> **WHAT YOU ARE ASKED TO DO**
Output the listing verbatim, leaving out every picture.

INFORMATION SHOWN START

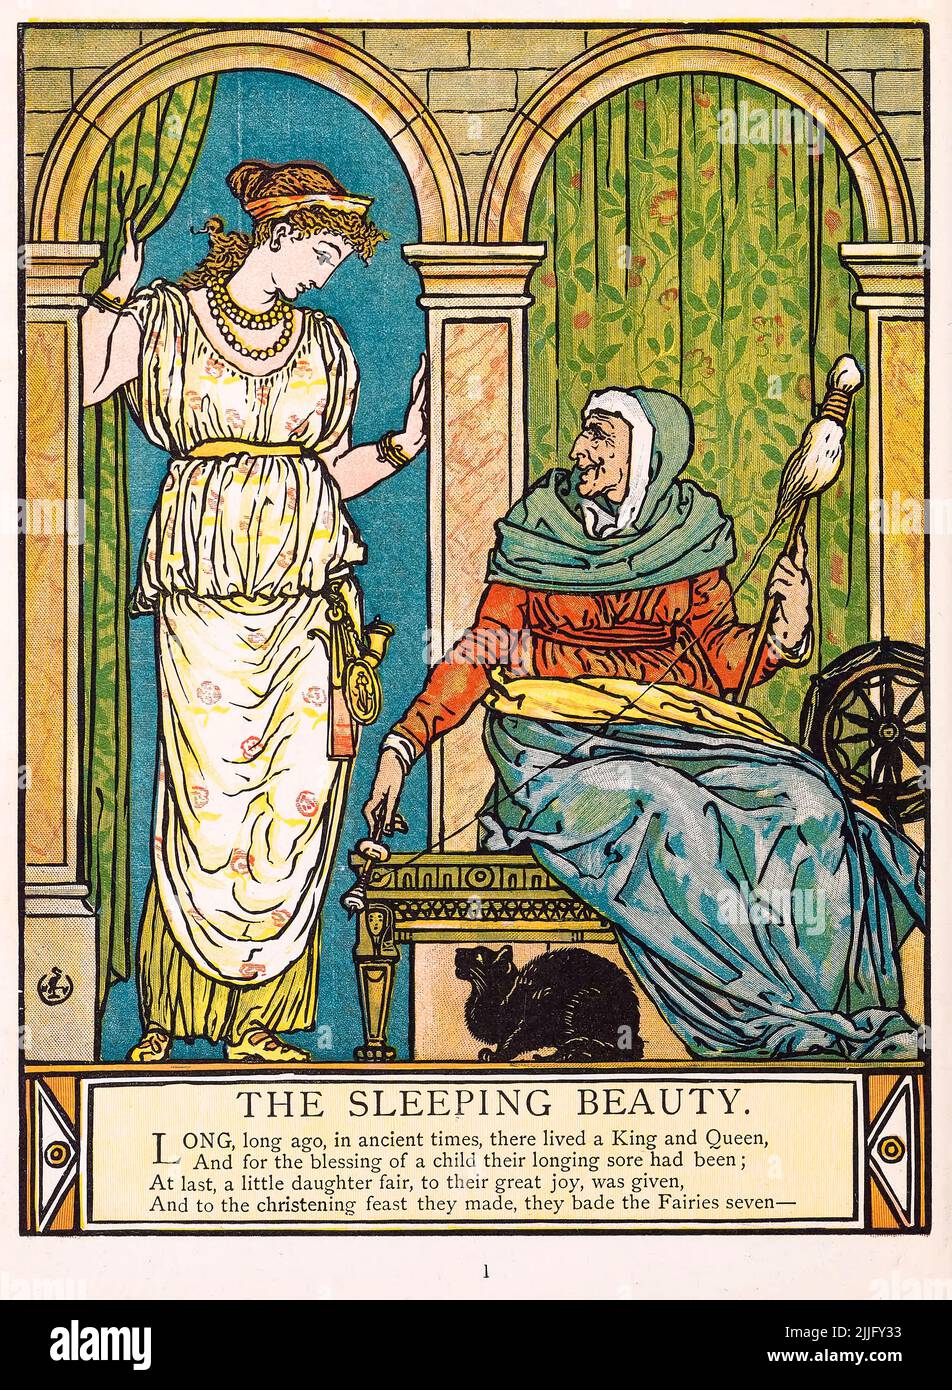 The Sleeping Beauty, children's book illustration by Walter Crane, 1876 Stock Photo
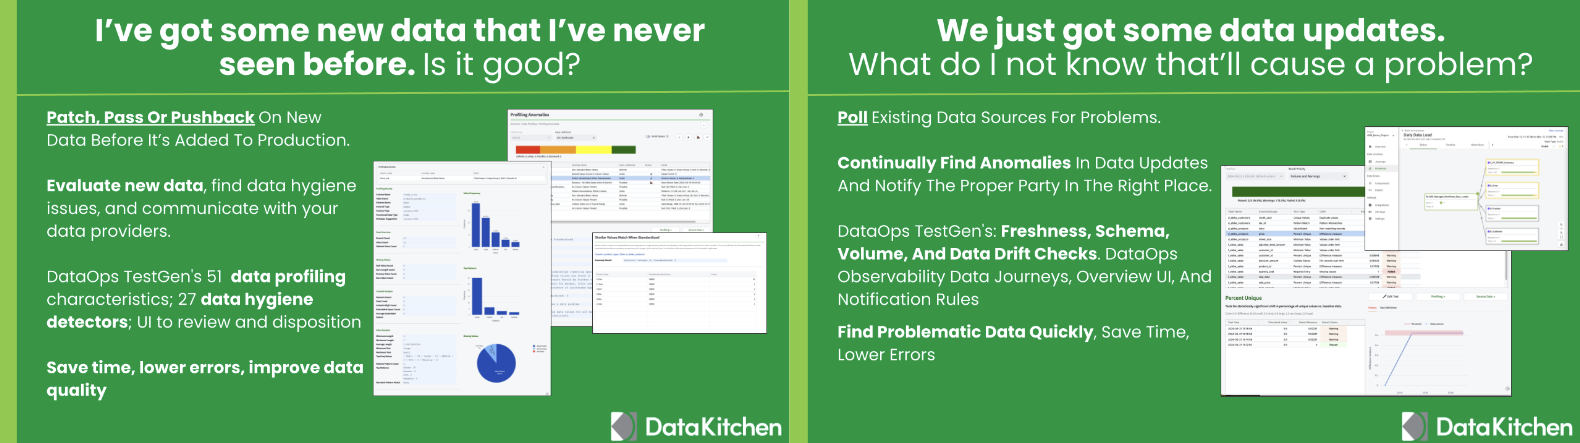 DatKitchen Open Source Data Observability Features 1
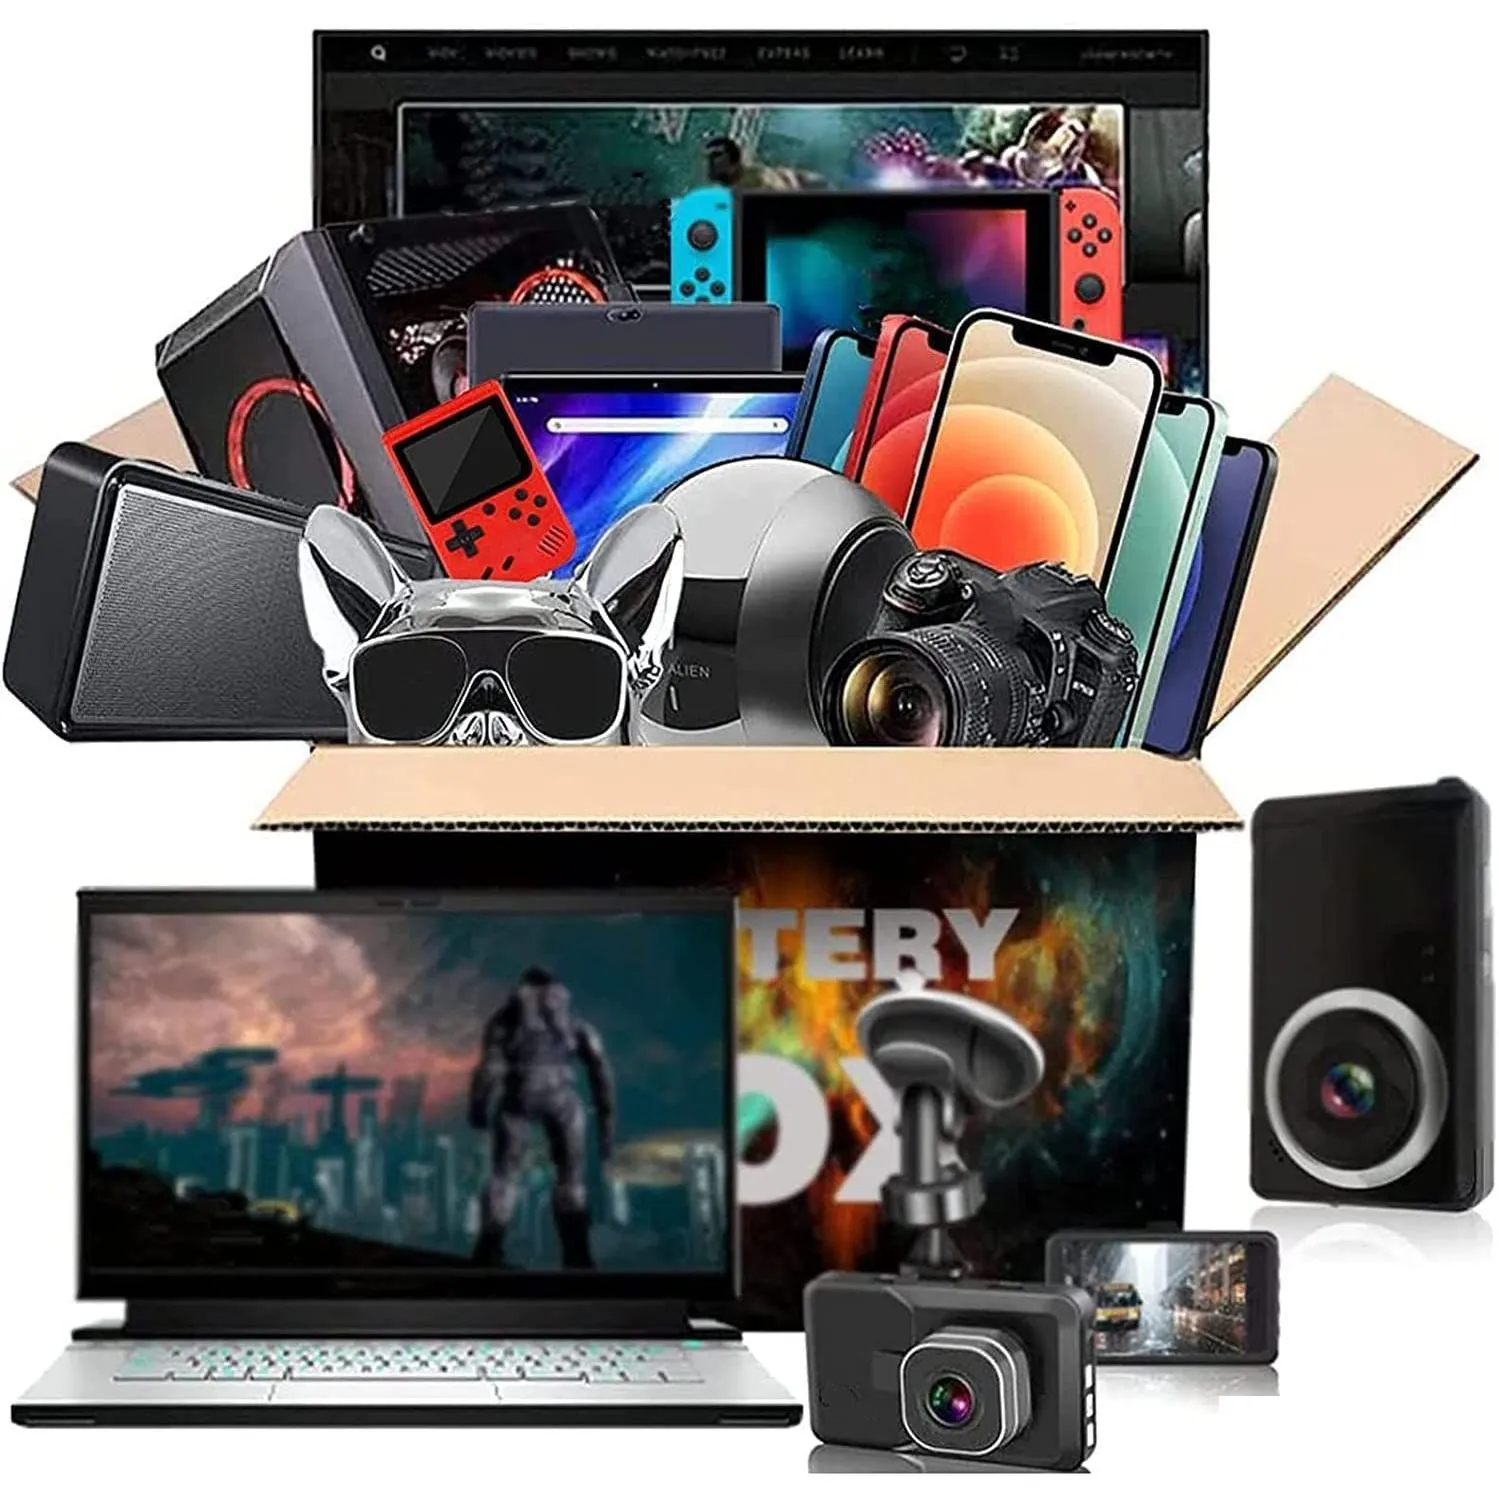 Smart Devices Lucky Mystery Boxs Digital Electronics наушники аксессуары для сотовых телефонов камеры Gamepads Drop Deliver Dhwpj

INFORMATION SHOWN END

> **TASK OUTPUT**
 The Sleeping Beauty, children's book illustration by Walter Crane, 1876 Stock Photo
 DatKitchen Open Source Data Observability Features 1
 Smart Devices Lucky Mystery Boxs Digital Electronics наушники аксессуары для сотовых телефонов камеры Gamepads Drop Deliver Dhwpj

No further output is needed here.